My true passion, and it has been for over 30 years, is neuroscience. Understanding how the human brain works and building machines that work on those same principles. The whole period of Palm and Handspring [a company Hawkins co-founded to create Palm-compatible devices] was like a sideshow. I couldn't get the gig I wanted in neuroscience, so I was building mobile computing. I loved it, I enjoyed it, I was totally excited about it. But my real passion was brains, how they work, and building machines that work on the same principles.

So now you've been working most recently on software that can predict the future?

That's right, we've actually been working on modeling, figuring out how parts of the neocortex works -- which is the big region on top of your head -- and we figured out first what it does and then how it does it. But we've been applying it to problems where you can take streams of data, model the data, and then predict the future. We have a product called Grok that takes data from windmills, energy meters, and other machines and can predict future values. It can detect when anomalies are occurring and things like that.

We have a business side to what we're doing, but we're here at OSCON to talk about the new open source project where we take these learning algorithms, which are essentially models of the neocortex, a slice of the neocortex, and put them in an open source project.

It's been up for a couple of months now. It's called NuPIC, the Numenta Platform for Intelligent Computing. It's the same code tree we use in our products, so you can go and see what we're releasing every day.
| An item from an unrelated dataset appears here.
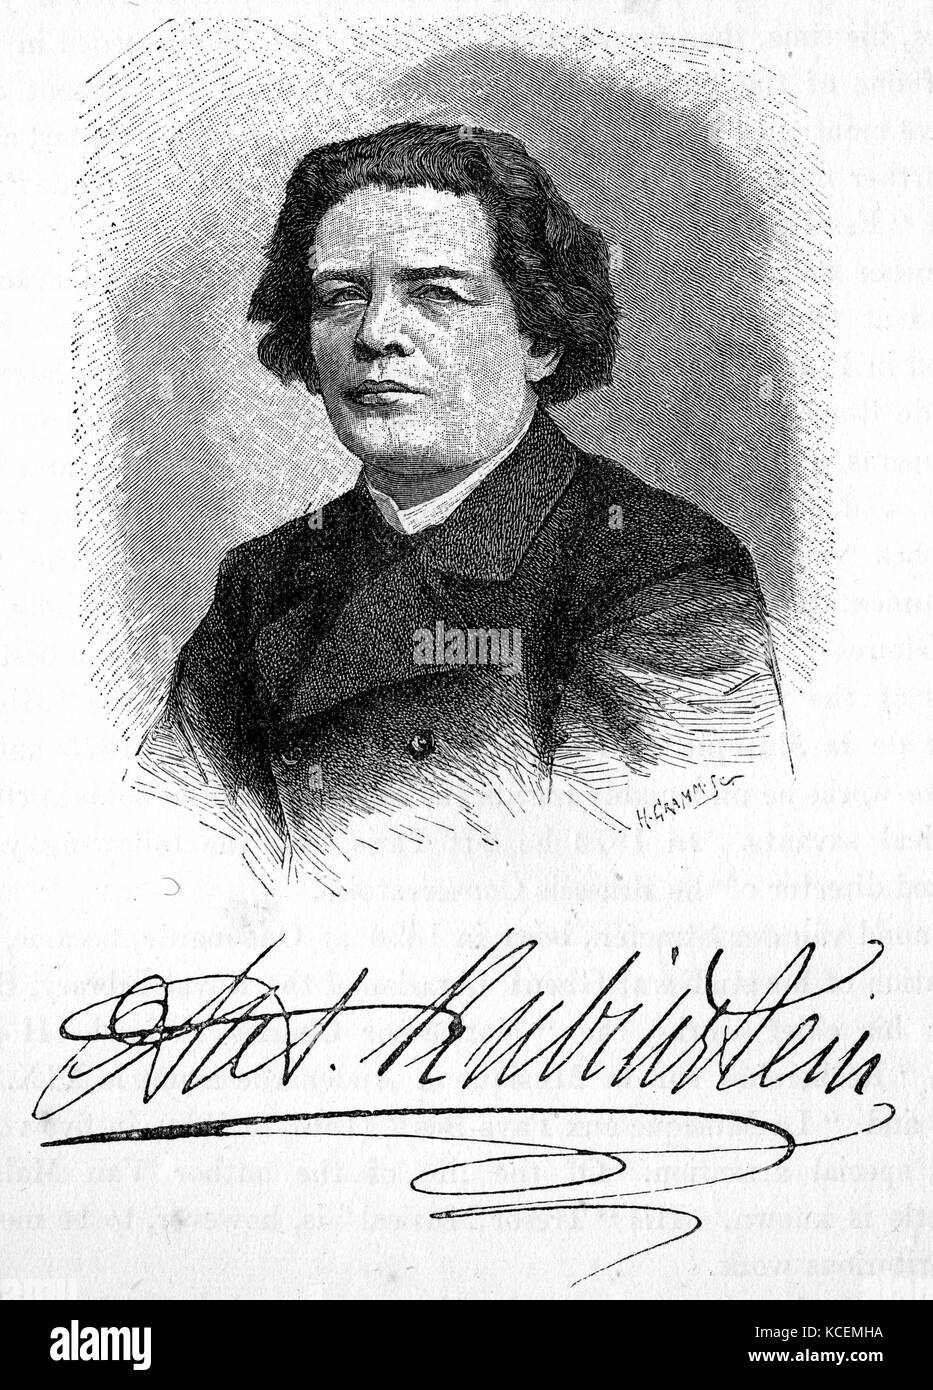 Anton Grigorievitch Rubinstein (1829 - 1894) pianiste, compositeur et chef d'orchestre qui est devenu une figure essentielle dans la culture russe lorsqu'il fonde le Conservatoire de Saint-Pétersbourg. Banque D'Images

We have an active community already -- we've had our first hackathon. It's only been going for a couple of months, but it's been going pretty well so far, we're pretty excited about it.

What would I use that for as an open source hacker?

There are a number of reasons why you might be interested in this. People are interested in applying it to new problems. We're applying it to machine-generated data, but there's lots of other applications where people might apply it to.

In the same vein as we're using Grok, you might apply it to financial data, or you might apply it to new sources of data that we don't look at. There's a lot of people interested in taking it and building more complex systems -- robotics, vision, music, things like that -- and this requires extending the algorithms. It's a memory system, so making them bigger, putting them in a hierarchy, and so on.

There're people who want to apply it to existing products -- "I want to predict something" -- people who want to build new types of products, people who are interested in language, semantics, and so on. Then there're people who are interested in doing pure research. They're doing mathematical analysis of these algorithms, so it's kind of broad.

We're talking about the beginning of building brains in software and hardware, and that's a big, big field. It's going to be huge, and it's just getting started.

And I should mention we have a number of people interested in doing hardware implementations of these algorithms. There are some big companies -- IBM, Seagate, some others that actually have programs on the way because they're pretty excited about this stuff.